Specifically we do plan on adding a "Duplication Grouping" feature to StableBit DrivePool in the near future.  Especially as it would work VERY well with StableBit CloudDrive, but also for external storage. 

 

However, we are a small company, and have limited resources.  Once StableBit CloudDrive has been released, Alex (the Developer) plans on going though the backlog of requests (including this) and addressing as many of them as we can.  

 

Unfortunately, we don't have an ETA on this. 

Link to comment
Share on other sites

  • 0

It's in Alpha. :)

http://dl.covecube.com/DrivePoolWindows/beta/download/changes.txt

 

  • [D] Added hierarchical pooling support:
    - Pools are now made up of either disks or other pools.
    - Each pool handles its own separate folder duplication settings.
    - Balancing can work over a pool part, but file placement settings are limited to the entire pool part only.
    - Circular pooling is not allowed (e.g. Pool A -> Pool B AND Pool B -> Pool A). Contrary to popular belief, this does not lead to infinite disk space.
Link to comment
Share on other sites

  • 0

Created an account here just to let you know this is only feature missing that I would love to see :-)

 

It's in the beta version, but this feature is very, very new. It may still have bugs (probably does). And we know that the UI needs an overhaul to handle things better, as this will get cause the UI to get complicated, fast.

 

But if you want to go ahead and test it out, by all means, do so.  Just let us know if you run into any issues with it. 

http://dl.covecube.com/DrivePoolWindows/beta/download/?C=N;O=D

 

Grab the 2.2.0.744 or 2.2.0.745 build, and give it a spin.

Link to comment
Share on other sites

  • 0

Not sure I am using this new feature but are there any recommendations as to what features should be enabled/disabled?

 

My setup

Sata card 1, 7 disks, Pool A, no duplication

Sata card 2, 7 disks, Pool B, no duplication

 

Pool A + Pool B = Pool C, with duplication enabled so two copies of all files on each sata card.

 

I have changed a disk in Pool B and it is balancing at the moment, I think this is causing issues with Duplication on Pool C as it starts runs finishes and starts again. Should I turn balancing off on Pool A & B as it really isn't required, or just let it all work itself out over time?

Link to comment
Share on other sites

  • 0

It's in the beta version, but this feature is very, very new. It may still have bugs (probably does). And we know that the UI needs an overhaul to handle things better, as this will get cause the UI to get complicated, fast.

 

But if you want to go ahead and test it out, by all means, do so.  Just let us know if you run into any issues with it. 

http://dl.covecube.com/DrivePoolWindows/beta/download/?C=N;O=D

 

Grab the 2.2.0.744 or 2.2.0.745 build, and give it a spin.

Understood.  Retaining elegance as flexibility increases is, um, hard.

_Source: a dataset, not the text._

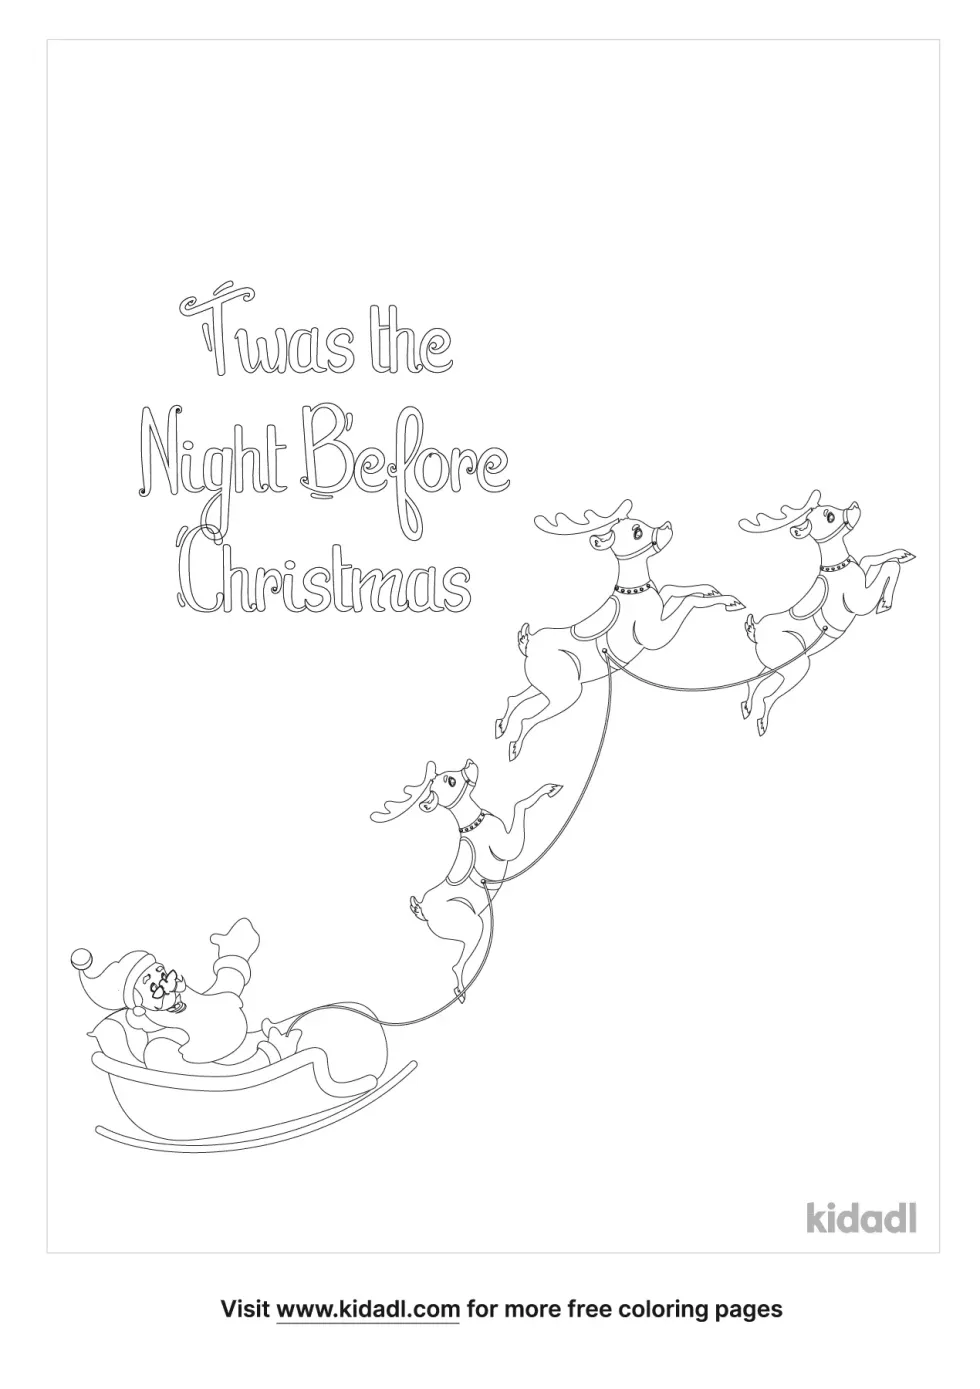 Twas The Night Before Christmas Coloring Page

Not sure I am using this new feature but are there any recommendations as to what features should be enabled/disabled?

 

My setup

Sata card 1, 7 disks, Pool A, no duplication

Sata card 2, 7 disks, Pool B, no duplication

 

Pool A + Pool B = Pool C, with duplication enabled so two copies of all files on each sata card.

 

I have changed a disk in Pool B and it is balancing at the moment, I think this is causing issues with Duplication on Pool C as it starts runs finishes and starts again. Should I turn balancing off on Pool A & B as it really isn't required, or just let it all work itself out over time?

I don't have any answer for you because I'm new here.

 

But I'm curious, is your intent to have 1 copy of each file in pool A and 1 copy in pool B?  Thats why I want the feature.  I want my duplication to happen across interfaces for speed.

 

This statement makes me unclear "two copies of all files on each sata card"

Link to comment
Share on other sites

  • 0

I'd recommend letting it sit, as over time, yes it should work itself out. 

 

That said, I'm bugging this, because it looks like we'll need to make sure that the service is much more aware of what is going on to prevent conflicts like this. 

 

Could you get tracing logs from when this is happening, though? 

http://wiki.covecube.com/StableBit_DrivePool_2.x_Log_Collection

 

 

Understood.  Retaining elegance as flexibility increases is, um, hard.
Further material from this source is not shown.